*Task requirements*:
Repeat the data verbatim, images excluded.

*Given material*:
*** Block opens ***
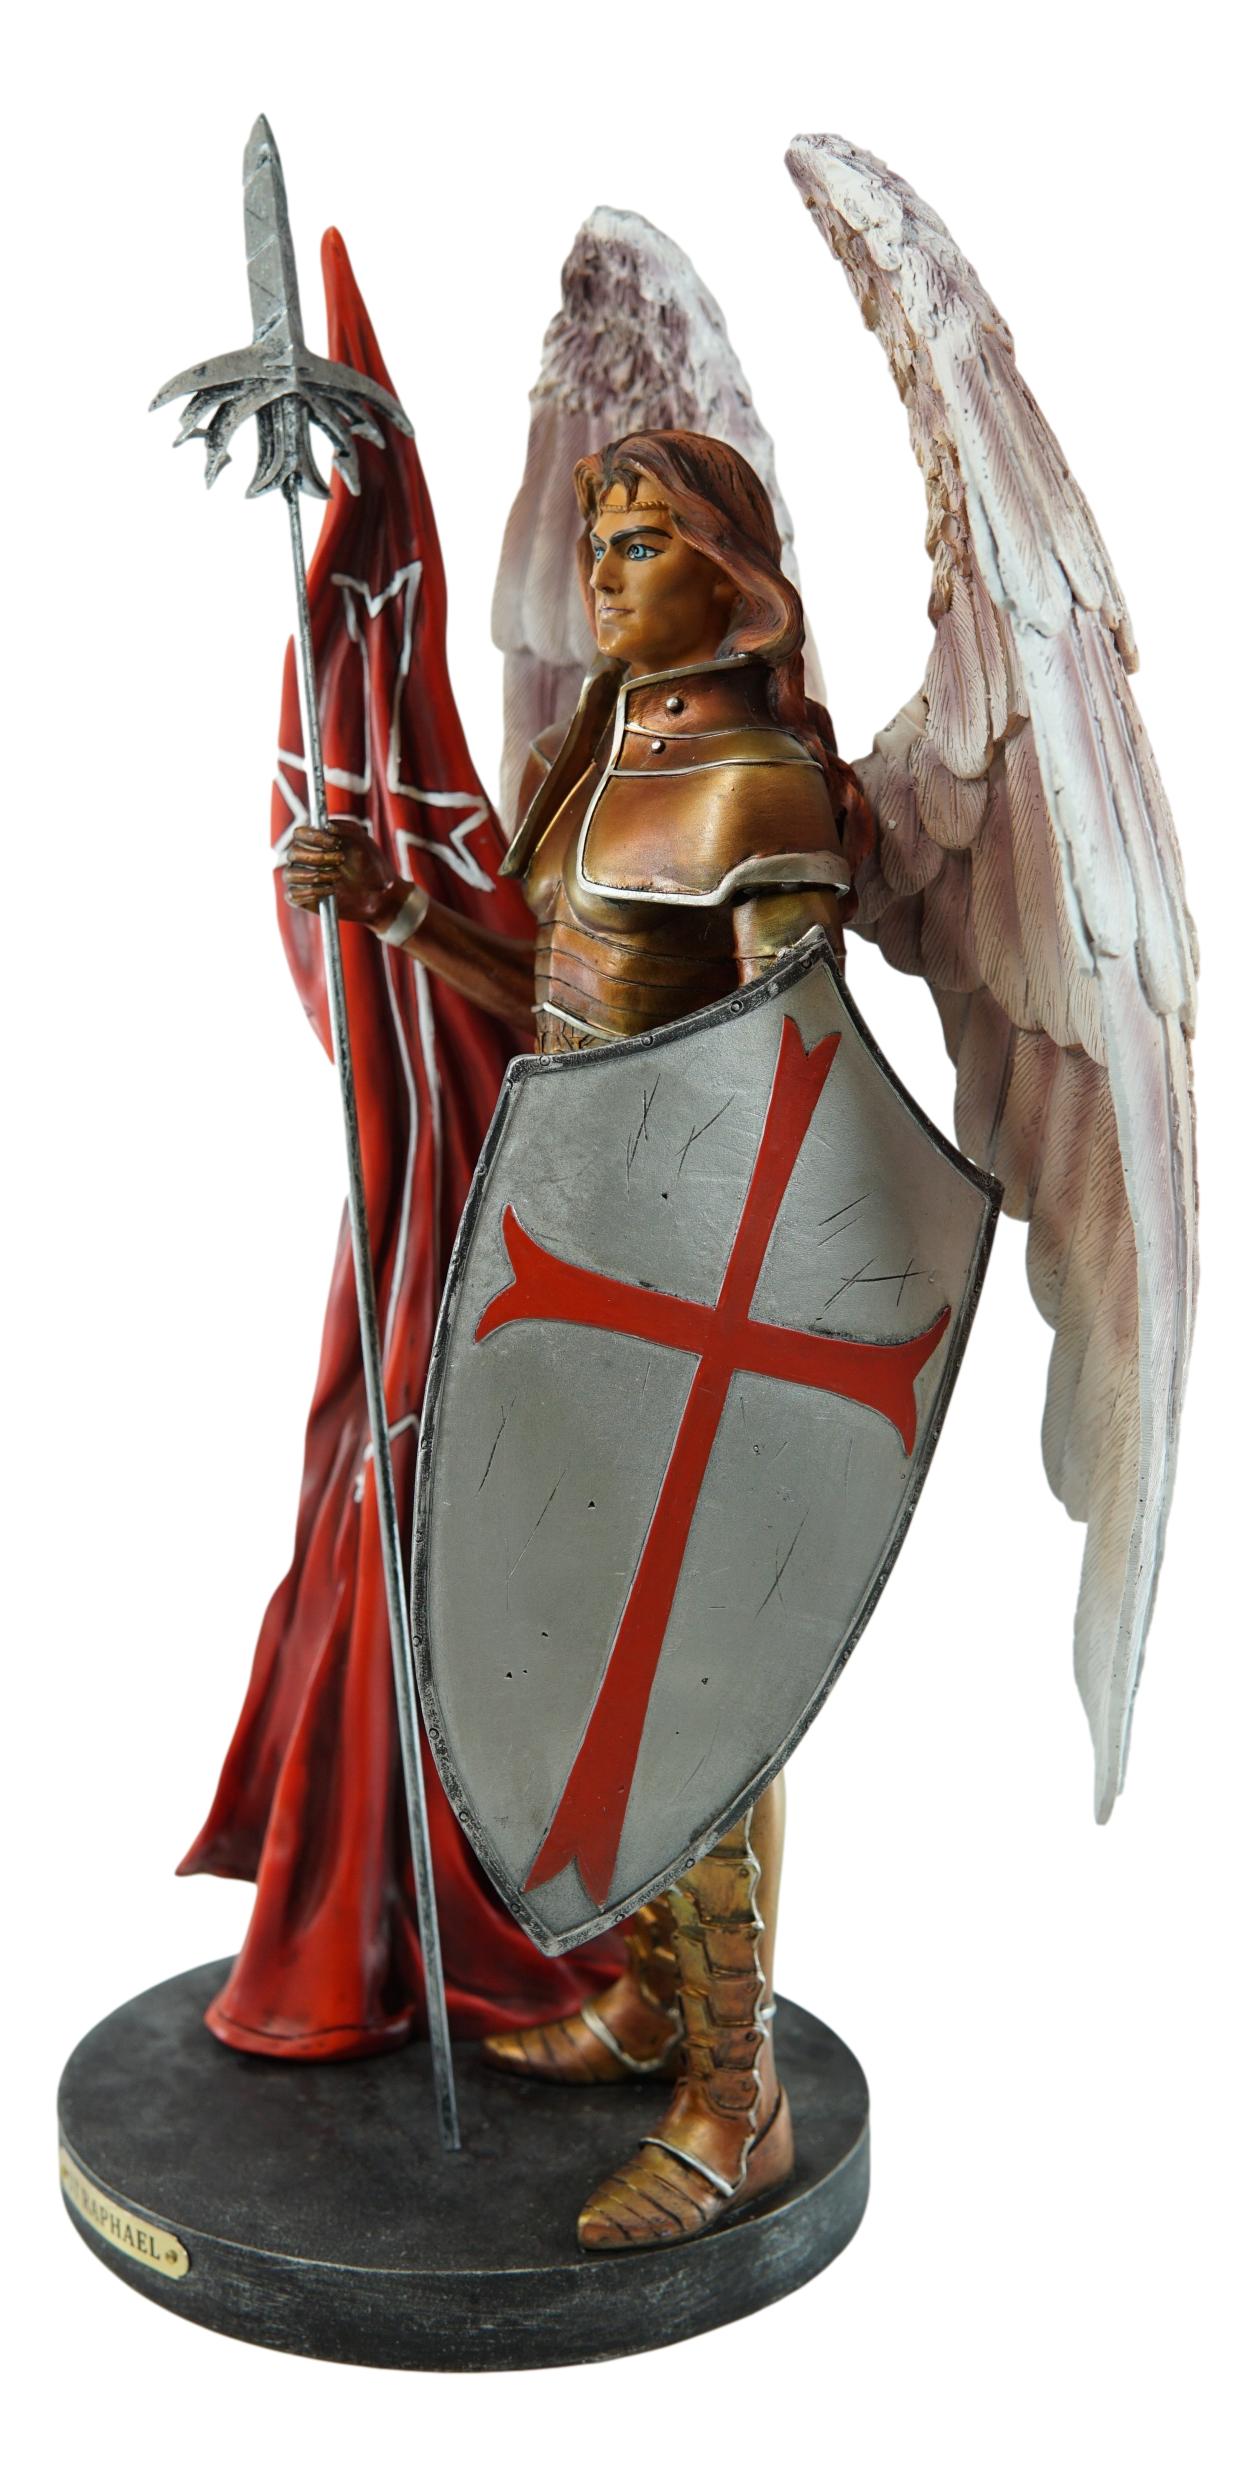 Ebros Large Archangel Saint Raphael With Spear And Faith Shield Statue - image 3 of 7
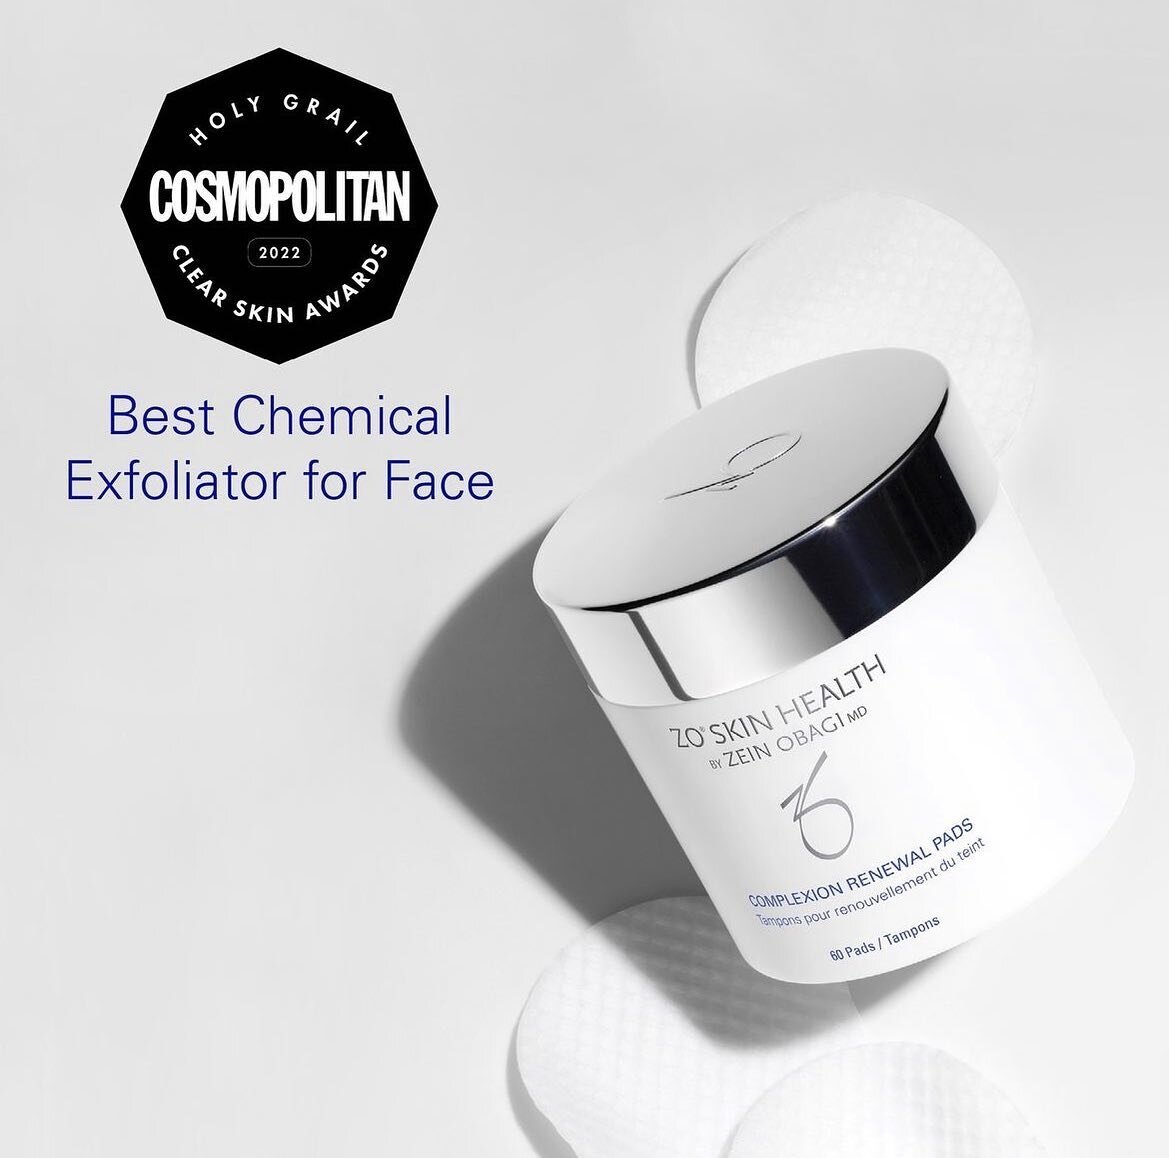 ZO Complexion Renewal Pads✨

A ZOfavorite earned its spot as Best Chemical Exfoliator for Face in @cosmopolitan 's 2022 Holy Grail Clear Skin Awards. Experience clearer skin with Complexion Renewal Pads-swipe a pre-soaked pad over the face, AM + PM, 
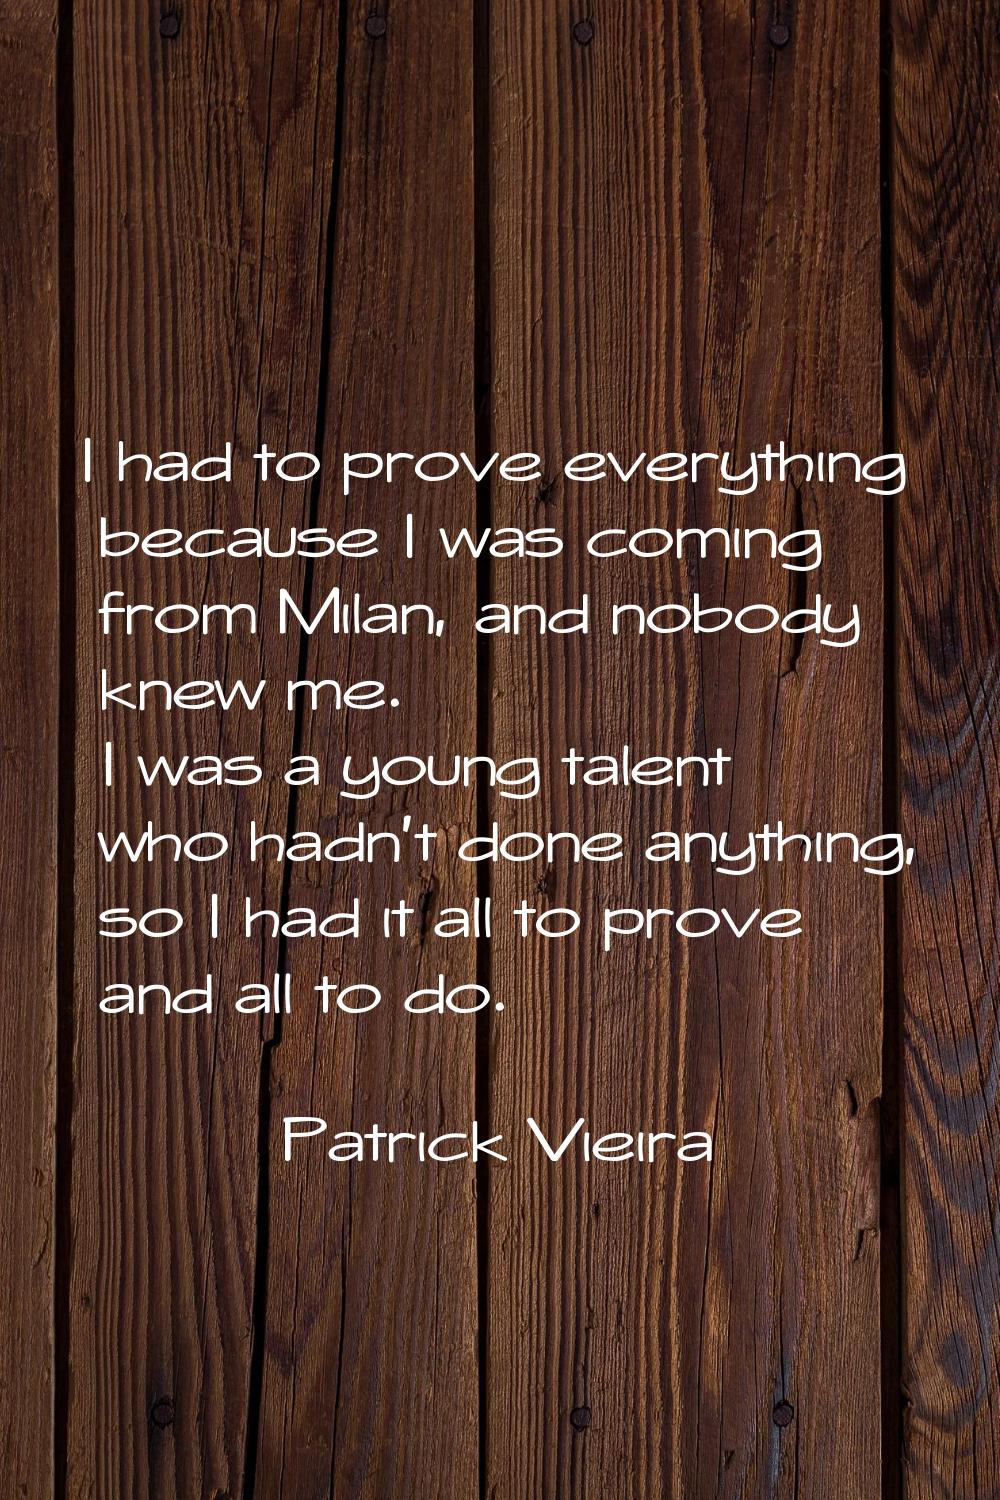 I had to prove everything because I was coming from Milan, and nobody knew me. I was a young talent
*** Block closes ***
*Result for this exercise*:
 Ebros Large Archangel Saint Raphael With Spear And Faith Shield Statue - image 3 of 7
 ZO Complexion Renewal Pads✨

A ZOfavorite earned its spot as Best Chemical Exfoliator for Face in @cosmopolitan 's 2022 Holy Grail Clear Skin Awards. Experience clearer skin with Complexion Renewal Pads-swipe a pre-soaked pad over the face, AM + PM, 
 I had to prove everything because I was coming from Milan, and nobody knew me. I was a young talent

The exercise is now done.